Cuma, Eylül 21, 2012

Onikiye Beş Kala.. Son Bölüm..



"Ben sevmekten hiç borçlu çıkmadım.." diyorum ama, alacaklarım çok birikti heyhat.. Shakespeare sonelerine döndü hayat ; nefes aldığım her dakikayı unuturcasına, yaşadığım herşeyi yerden yere vurup paralarcasına, geleceği geçmişe mahkum edip kendimden intikam alırcasına.. Nasıl bir döngüyse artık bu... Bir adım ötesinde, kendi hayatım ile ilgili bir kurgu dahi yapmıyorum artık. Çünkü uzun zamandır elime tutuşturulan mesajlar bile o kadar aynılaştı ki kendimde bir eksik aramaya başlayıp, kendimden utanır oldum. As'lolan iyilikse bu dünyada, insan hiç kendinden utanır mı ? O yüzden en iyisi -suda yüzen gelincikler gibi- herşeyi zamana bırakmak ve hayatın yaygın akışına dahil olmadan peşinden gelenleri reddetmek, belki de hepsinden vazgeçmek. 

Bir yolcu daha geçti
Bu ıssız limandan.
Genç bir kadın,
Henüz otuzlarında.

Önce bakışlarına takıldım,
Kendi sussa bile
Gözleri konuşuyordu sanki
Onlar anlatıyordu derdini
O kadar canlı, bir o kadar parlak..

Hani bazen uzaklara gitmek ister ya insan, ama kalır, gidemez.. Bazen konuşmak ister beceremez.. Bazen yazmak ister, cümleleri biraraya getiremez.. Bazen ağız dolusu küfür birikir içinde, edemez..  Hiç düşündün mü niye ? Cevabı basit; çok sevdiği ve kaybetmeyi göze alamadığı için. İlginçtir, insanlar genelde konuşmak yerine susmayı tercih ettikleri için kaybederler, ama plan ters tepti bu kez; ben susmayı beceremediğim için kaybettim.
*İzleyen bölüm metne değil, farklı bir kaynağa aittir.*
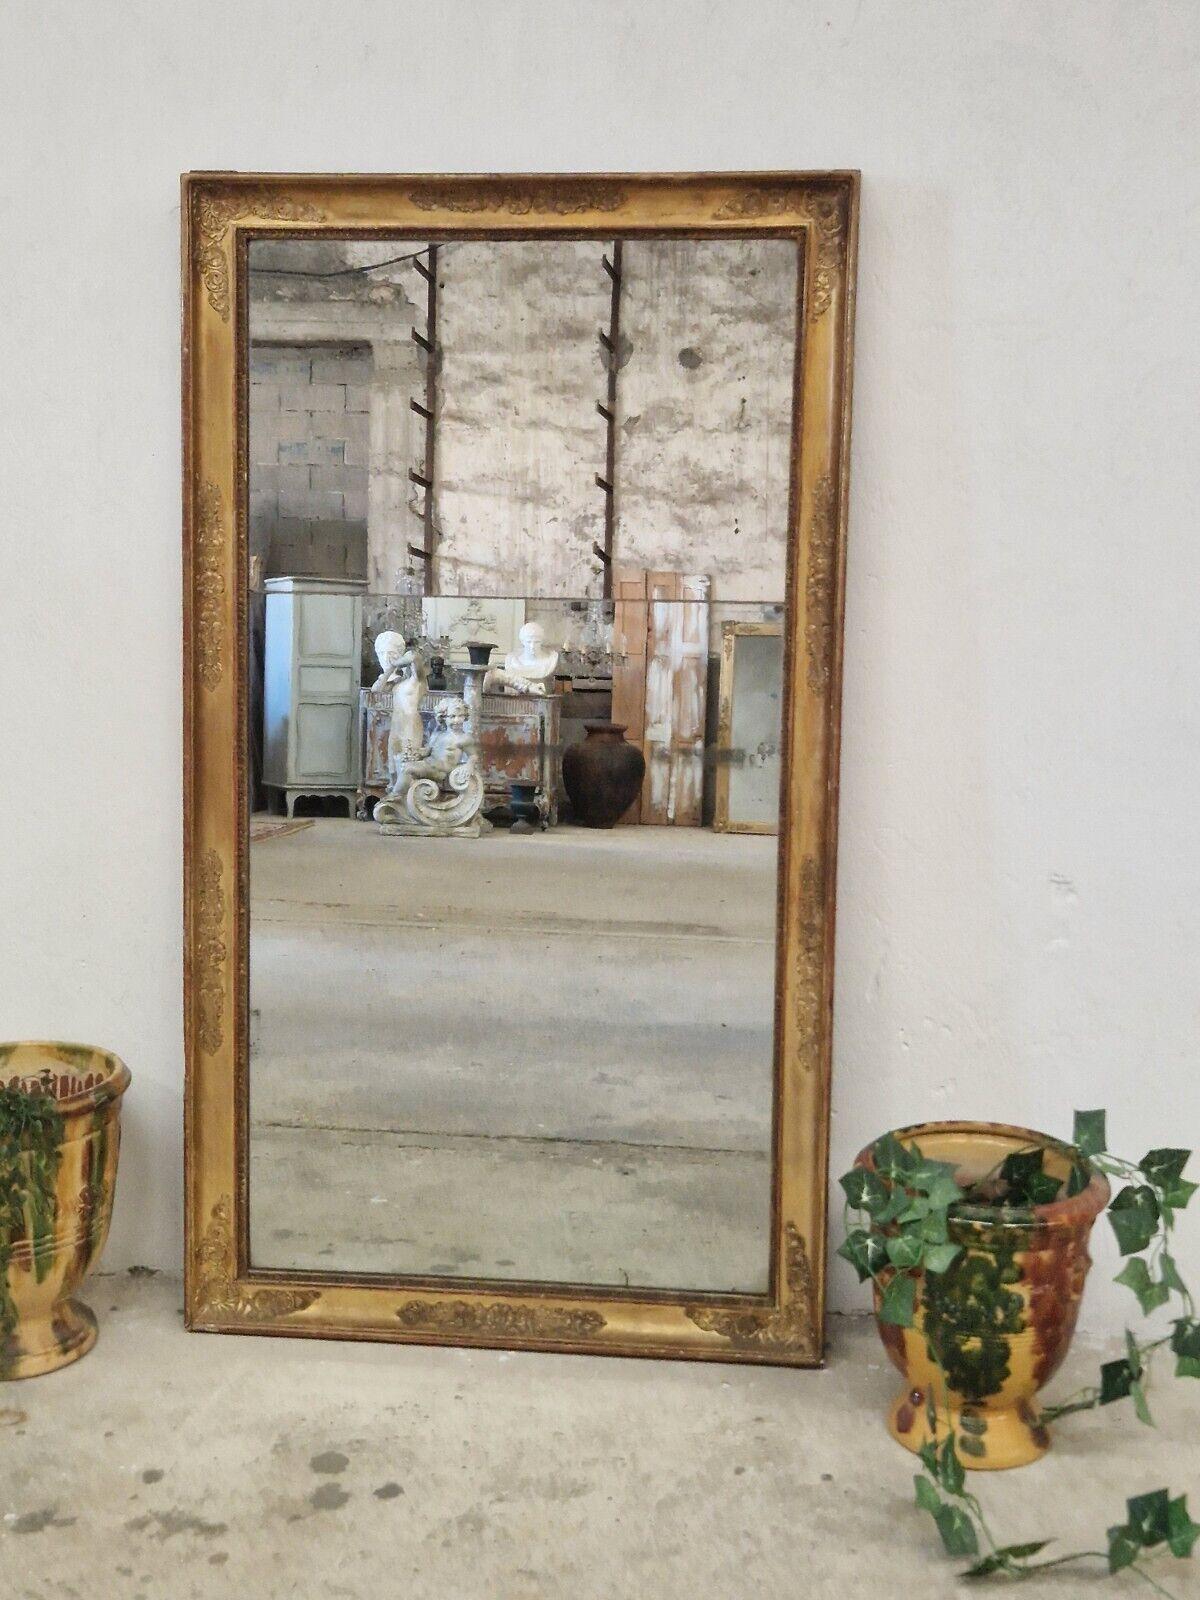 Molded Large Early 19th Century French Mirror Regency Period Gilded

Nasıl bir  matematikse artık, anlayabilene aşk'olsun.

Masum bir yüzü vardı :
Çocuk gibi,
Belki biraz ürkek
Biraz korku dolu
Belki de yaralıydı.

Servi boylu,
Uzun dalgalı saçlı..
Üzerinde kot bir pantolon,
Yazlık bir ceket,
Elinde de küçük bir çanta…

Belli ki uzun bir yolculuk için
Yeteri kadar hazırlanamamıştı.

Görüyorsun değil mi ? Sözümona basit bir veda notu yazacağım, bitmiyor bir türlü. Yazmak böyle saçma birşey işte. Sen her defasında son derken, yazdığın basit bir cümle seni alıyor, bulutların üzerine taşıyor ve hayallerinde bile görmediğin kaf dağının ardındaki zümrüt'ü anka kuşunun kanatlarına oturtuyor farkında olmadan. Sen, sen ol yazma ! Unut hepsini, yokmuş gibi yaşa. En azından okuyarak hatırlayacağın birşey kalmaz, rahat edersin. En fazla ne olabilir; hayatına tanıklık eden biri yıllar sonra -o da hatırladığı kadarıyla- şehir efsanesine dönmüş hikayeler gibi yarım yamalak bir hikaye anlatır, sen de "öyle olmuştu değil mi?" cümlesiyle küçük bir onay verirsin olur biter.. Kısa ve acısız.

Yanına yaklaştım,
Tanışmak istedim,
Önce gözlerime bakamadı,
Utandı,
- pembe bir yüzün
bir kadına bu kadar yakışacağını
hiç düşünmemiştim-
biraz laflayınca açıldı,
hele o gülümsemesi yok mu ?..

Elimde bana yazdığın son not var, günlerdir gömlek cebinde taşıyorum. Aklıma geldikçe baştan sona okuyorum. Sonra yine okuyorum, sonra yine, sonra yine... Bitmiyor bir türlü. Arada bir gözlerim dolar gibi oluyor, duruyorum. Kağıdı katlayıp tekrar cebime koyuyorum. Ne kadar güzel, ne kadar ince düşünülmüş, ne kadar manidar cümleler onlar bir bilsen.. Herşeye rağmen mutlu oldum, sağol. Yeri gelmişken söyleyim; kızgın değilim. Ne sana, ne bir başkasına. Belki bir miktar kırgınlık.. O da yenilgilerin kaderinde var zaten. Bilmediğim birşey değil, alışığım. Hep söylerim ya; hayat bu ne yapar, yapar bir şekilde intikamını alır. Beni de bu şekilde cezalandırıyor işte.

Anladım ki sonu olmayan
Bir yolculuğa çıkmıştı
Ve bu liman
Yalnızca bir duraktı
Ve daha da kötüsü kalmayacaktı.

Biliyorum şimdi bu satırları okuyanlar, yanlış anlayacaklar; yeni bir bir başlangıç yaptığım falan yok. Aksine, biten bir düşü sonlandırıyorum artık.. "Bazı aşklar böyledir" demek geliyor içimden. Başlayamazlar ya bir türlü. Artık hayat mı dersin, kader mi -hiç farketmez-, birinden biri mutlaka engeller. Ne olduğunu anlamadan kalırsın öyle. Tam da şu anda hissettiğim yarım kalmışlık duygusu gibi.  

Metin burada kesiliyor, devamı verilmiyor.